The following diagram illustrates the ooVoo application workload and related GDI effort after our optimizations:
Final measurements post optimization follow:
|Metric||Previous Build||Latest Build||Delta / Improvement|
|System CPU Peaks||~200%||~175%||Reduced ~25%|
|ooVoo.exe CPU Peaks||~40%||~37%||Reduced 3%|
|GDI+ Workload||10% of ooVoo.exe||0.12% of ooVoo.exe||Reduced 10%|
|Total System CPU||159% of 400%||137% of 400%||Reduced ~22%|
|ooVoo Total CPU||114% of 400%||110% of 400%||Reduced ~4-5%|
Phase 3 – Rendering Pipeline Optimizations
Our final step in the optimization process was to take a hard look at the backend rendering pipeline for any un-optimized copies or pixel format conversions that might be affecting performance. Three key things to watch out for include:
- Per pixel copies – A copy operation executed serially for each pixel. For this type of operation it is always best to leverage Intel IPP. Our Intel IPP package comes with copy operations optimized for Intel HW.
- Copies across video / system memory boundaries – Instead of copying MSDK frame data from video to system memory yourself, it is more effective to allow the MSDK to steam to system memory for you.
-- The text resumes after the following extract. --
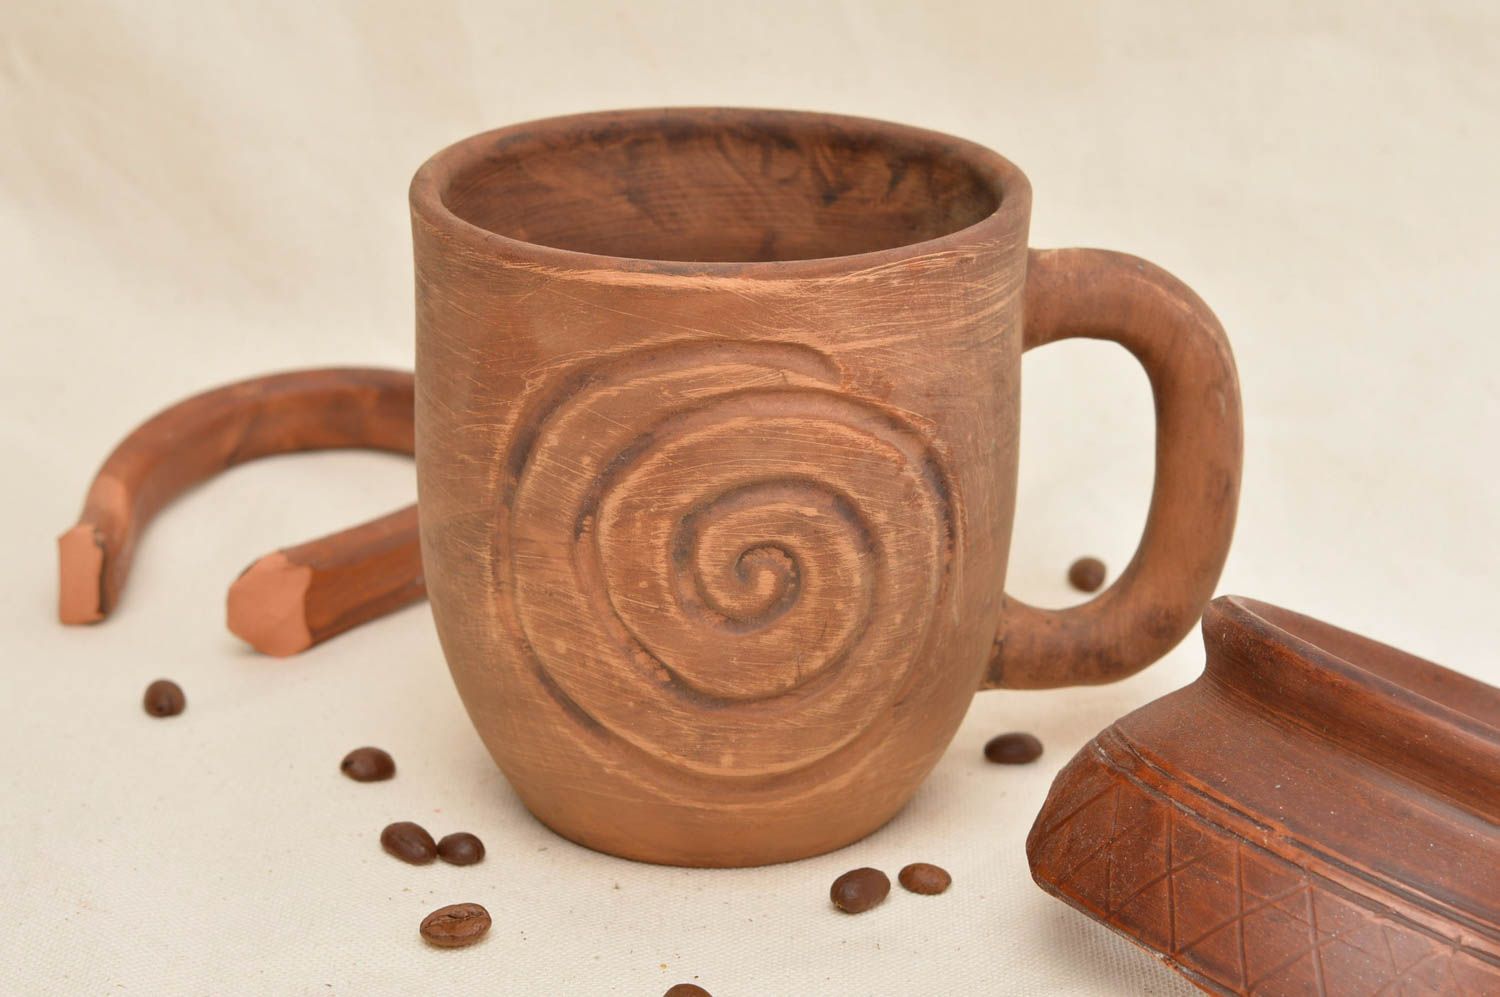 Глиняная чашка небольшая коричневая красивая с узорами удобная ручной работы фото 1

- Fourcc conversions – Fourcc color conversions are always expensive. If possible, try to get your data in the format you need and stay there. If converting between YUV / RGB colorspace, you can use either Intel IPP or pixel shaders to expedite.
Early on in the process of profiling the ooVoo application, it was clear that memory copies were affecting performance; however, it was not clear what opportunities existed to address the issue. The ooVoo team performed a detailed code review and found cases where Intel IPP copy operations were not being used, places where per pixel copies were used, and ultimately upgraded to Intel IPP v7.1 to benefit from the latest updates.
The results were impressive, giving us our first look at video conferencing at 720 on both Intel Core and Intel Atom platforms. The following before/after shots illustrate the improvements.
Note the elimination of blocky corruption in the facial area:
Configuration: Point to point, 720p, 15 fps, 1-1.5 MBits/sec, IVB:IVB, 4G network
Note the level of detail enabled for primary speaker during multi-party conference.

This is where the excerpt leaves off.